'Sometimes party politics is not the best route'
Independent Falkirk councillor Laura Murtagh, who represents the Carse, Kinnaird and Tryst ward, tells Margaret Taylor why she quit the SNP despite working for an SNP MSP and how her favourite building is a pineapple.
Describe the area you represent in one sentence My ward is a wonderful mix of urban communities, historic villages and rural areas with some stunning countryside, the best community football club in Scotland – Stenhousemuir – and a very special building: The Pineapple.
How long have you lived there? I’m in denial about this right now because we moved here when I was six months pregnant and we have just celebrated my oldest’s 18th birthday, but 18 years.

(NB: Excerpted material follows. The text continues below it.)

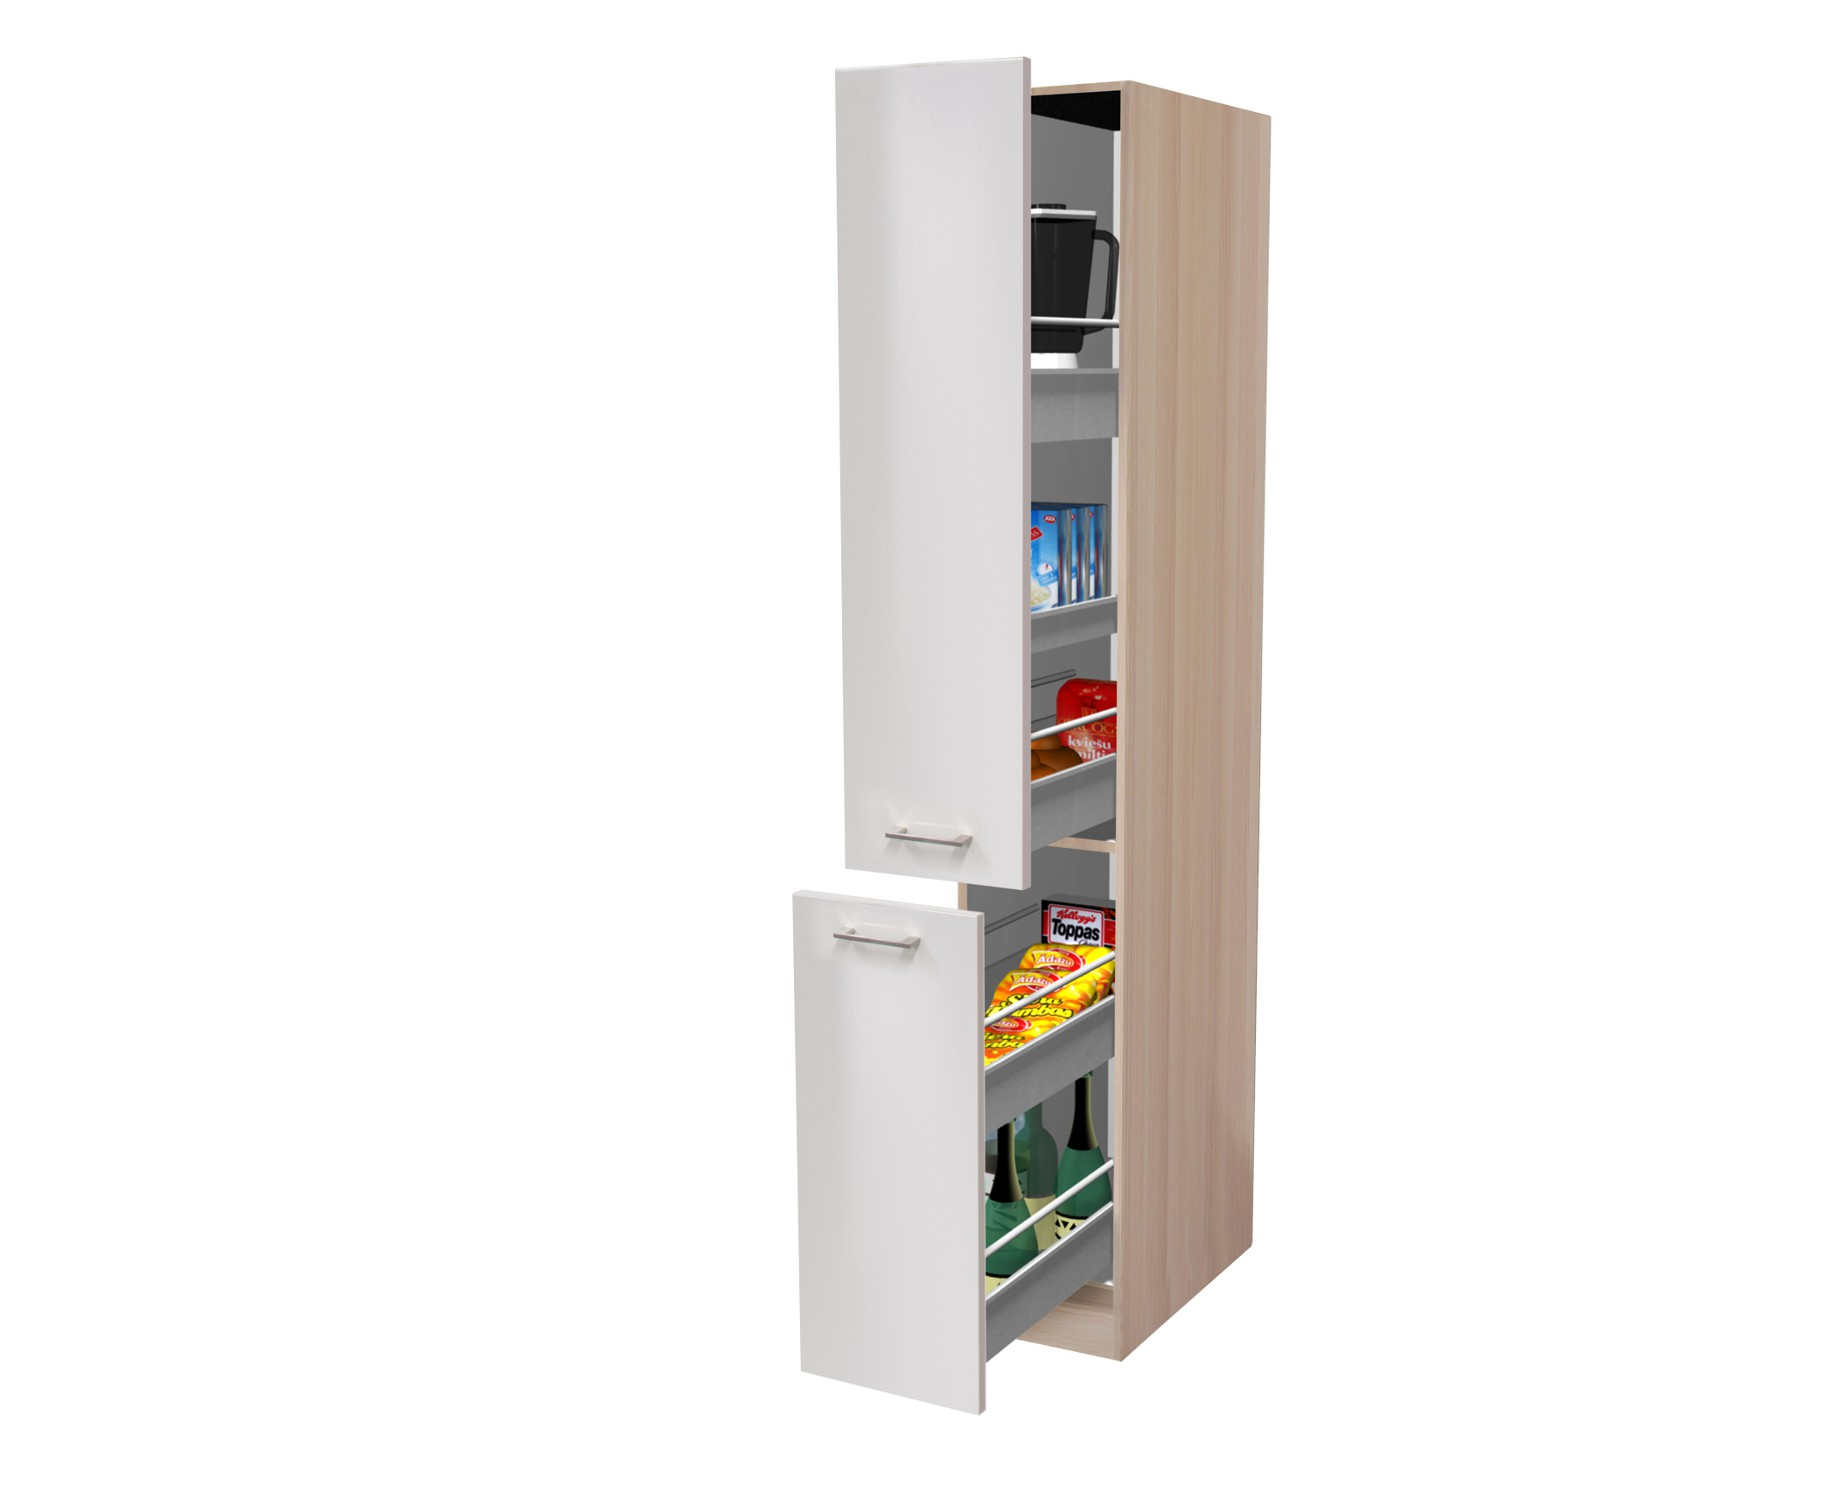 Details zu Küchen-Apothekerschrank FLORENZ Küchenschrank Hochschrank 20  Auszüge 20 cm weiss
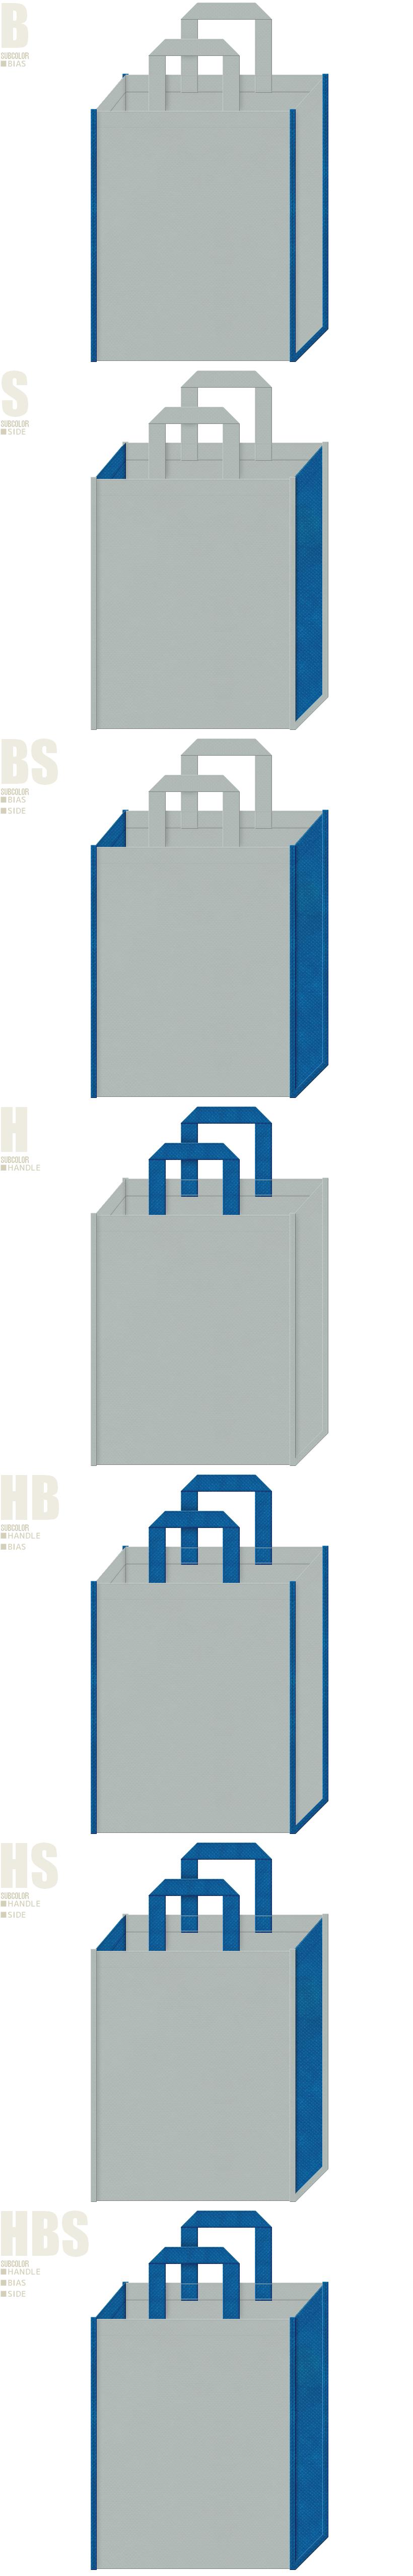 IT・AI・LED・IOT・センサー・電子部品・水素自動車・ロボット・ラジコン・ホビー・防犯カメラ・セキュリティ・セミナーの資料配布用バッグにお奨めの不織布バッグデザイン:グレー色と青色の配色7パターン

Where did you live before? I’m from a mixture of Airdrie and Provence in France. My mum is from Provence, and I spent a lot of happy time during my childhood there. It’s a beautiful place and it’s definitely somewhere I call home as well.
Tell us something we won’t know about your local area I live in Airth and it’s one of the few places in Scotland with two market crosses.
Who is the best-known person from your area? It’s more a place full of community characters than individuals and our reach is really wide. When I was in a hotel in Rome there was soap from the Scottish Fine Soaps Company; in an Airbnb I visited the bathroom was from Carron Bathrooms; Stenhousemuir FC has a Norway supporters club. We have a world-wide brand.
What challenges are unique to your particular part of the country? Many people forget that this area is coastal, and flooding is an issue we just can’t ignore. There are villages in my ward that can get flooded out and it can look like the sea is right outside my window sometimes. I spend a lot of time in villages coming up with specific solutions for those flooding incidents. It doesn’t happen often, but once in 200-year events are no longer once in 200-year events.
What made you stand for election? I was always fighting and campaigning for something when I was younger, usually on social justice or environmental issues, even before I knew what those words meant. I was brought up on a council estate in Lanarkshire that was dominated by Thatcher and Thatcher’s legacy. As I reached adulthood there was the Tony Blair landslide, but then when I went to university I felt there was a betrayal of those socialist goals around things like tuition fees and student grants and I realised something different needed to happen, so I joined the SNP. When my kids got older I thought I’d get back into politics.
When you were first elected to Falkirk Council you were in the SNP but now you’re an independent – why did you leave the party? I left just over a year ago and it was for a variety of reasons, but in my heart I do feel that local politics is better done in an independent way. Sometimes party politics is not the best route. It makes local decision-making difficult.
You work as a communications and case worker for SNP MSP Michelle Thomson – did that make it difficult to leave the party? Like anyone who works for an MSP, it’s not a political role. I’m not there to advise on party politics but to serve the public and help people. A lot of people have asked me that, but I think it’s a good idea for councillors to be independent and Michelle has been very supportive as an employer.
What’s the one thing Holyrood politicians could do that would be of greatest benefit to the area you represent? In general, local government needs reform. I feel there’s a gap in truly respecting and understanding the variety of what local government does. There are lots of good intentions and there have been big initiatives like the Verity House Agreement, but what happened with the council tax freeze was the opposite of what the Verity House Agreement was meant to bring in. Hopefully seeing the aftermath of that will encourage better dialogue – we can only have so many false starts. There’s a groundswell of people who want reform, but reform is difficult to achieve.
What’s the best bit about living where you do? I love the rural landscape and the way we are connected to other places. If I go for a walk I can pass through four local authorities in one wander – Fife, Clackmannanshire, Stirling and back to Falkirk. It’s a really interconnected place.
Is there a particular word you love using that only people in your part of the country would recognise? One thing I’ve never heard anywhere else is the habit of putting ‘eh’ at the start and the end of a sentence to ask a question, like a parenthesis. My kids might say “eh, mum, that’s not something I actually like though, eh?” I wouldn’t say I love it, but it is local.
If you could live anywhere else, where would it be? That’s tough because I’m unapologetic about the view that people can belong to more than one place. I adore Scotland but I’m also very proud to be French and there are days when I’d love to be home there. It would probably be somewhere in Provence, beside the sea, with a mountain at my back.